Unifying these languages is a meta-language that turns these graphs into a linear syntax for consumption by text editors. The meta-language handles scoping and identifier binding. It should be noted that binding is separate from the programming language. The programming language has no concept of variables and binding (and therefore, none of the problems associated with it).

Identifiers

The syntax for identifiers conforms to Unicode 6.2.0 UAX31-C1 revision 17. This essentially means that anything that could be considered a sensible identifier in any language is recognized as such.

In addition to these identifiers there are symbol identifiers such as + or ≥. These are defined by the Unicode Pattern Syntax. The parser will consider them identifier on their own, so ab+cd is a sequence of three identifiers: ab, + and bc. Currently the parser treats + and other symbolic identifiers as any identifier.

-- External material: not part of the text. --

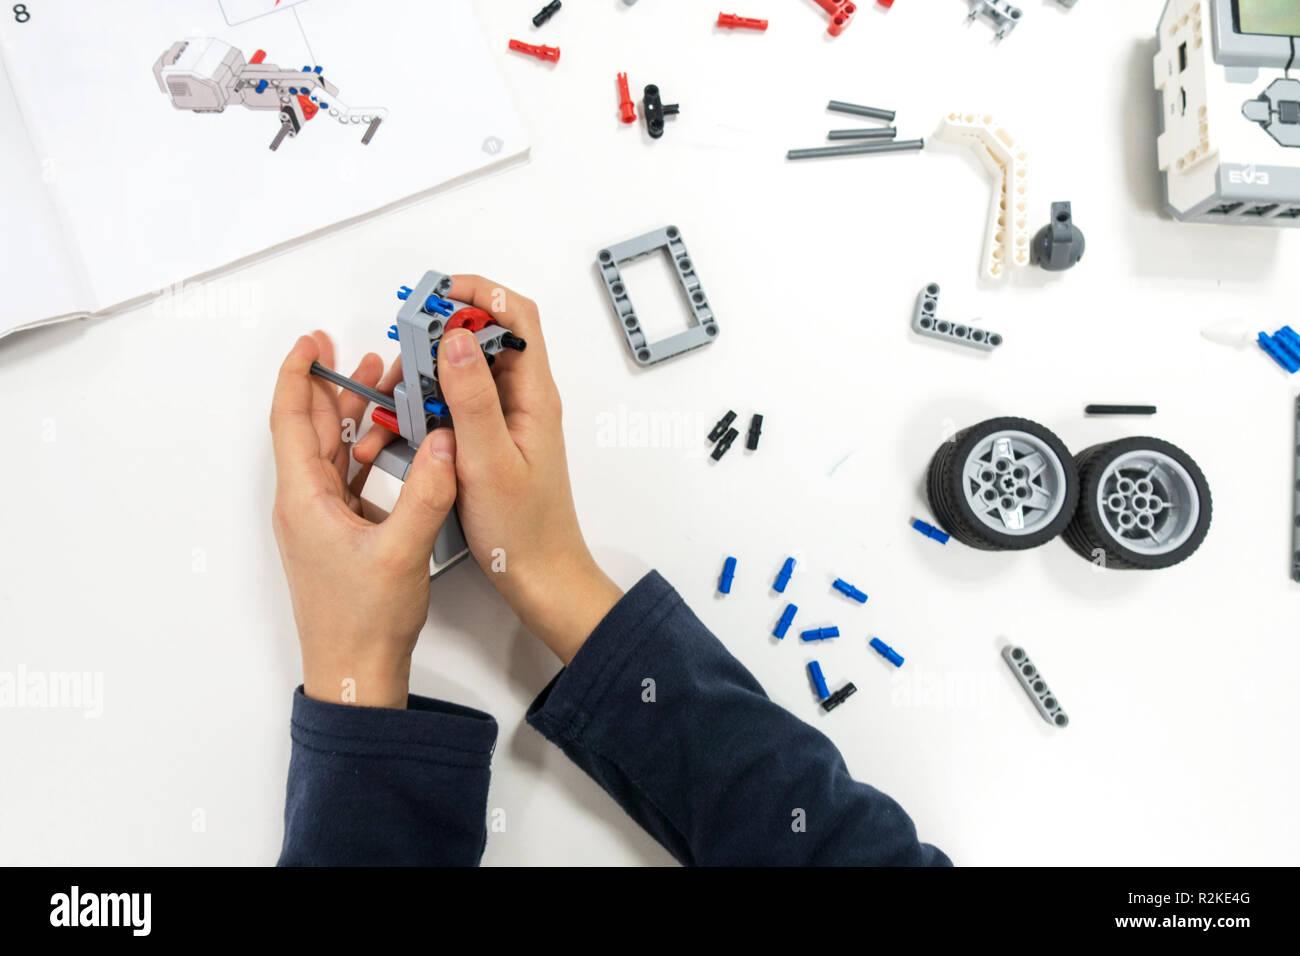 Lego Education Stock Photos Images Alamy Electronic Ear For Rcx Module Vilnius Lithuania November 16 2018 Kid Making Robot Mindstorms Robotic

TODO: have some sort of infix notation parsing.

Statements

The language consists of a list of statements, each followed by a newline (or more precisely, a paragraph separator). Statements are of the general form:

outbound₁ outbound₂ … statement_kind inbound₁ inbound₂ …

Where outbound are identifiers and inbound can be both identifiers, literals and expressions. The statement_kind is one of six specific symbols:

≔ call
↦ closure
∵ because
∴ therefore
⊨ axiom
⊢ proofs

These are discussed further down. Since these are keywords, they are excluded from the list of usable identifier symbols. They are the only keywords in the language.

String literals

String literals start with a double opening quote (“, U+201C) and are closed with a double closing quote (”, U+201D). Note that the dumb symmetrical typewriter quotes " you find on your keyboard have no role.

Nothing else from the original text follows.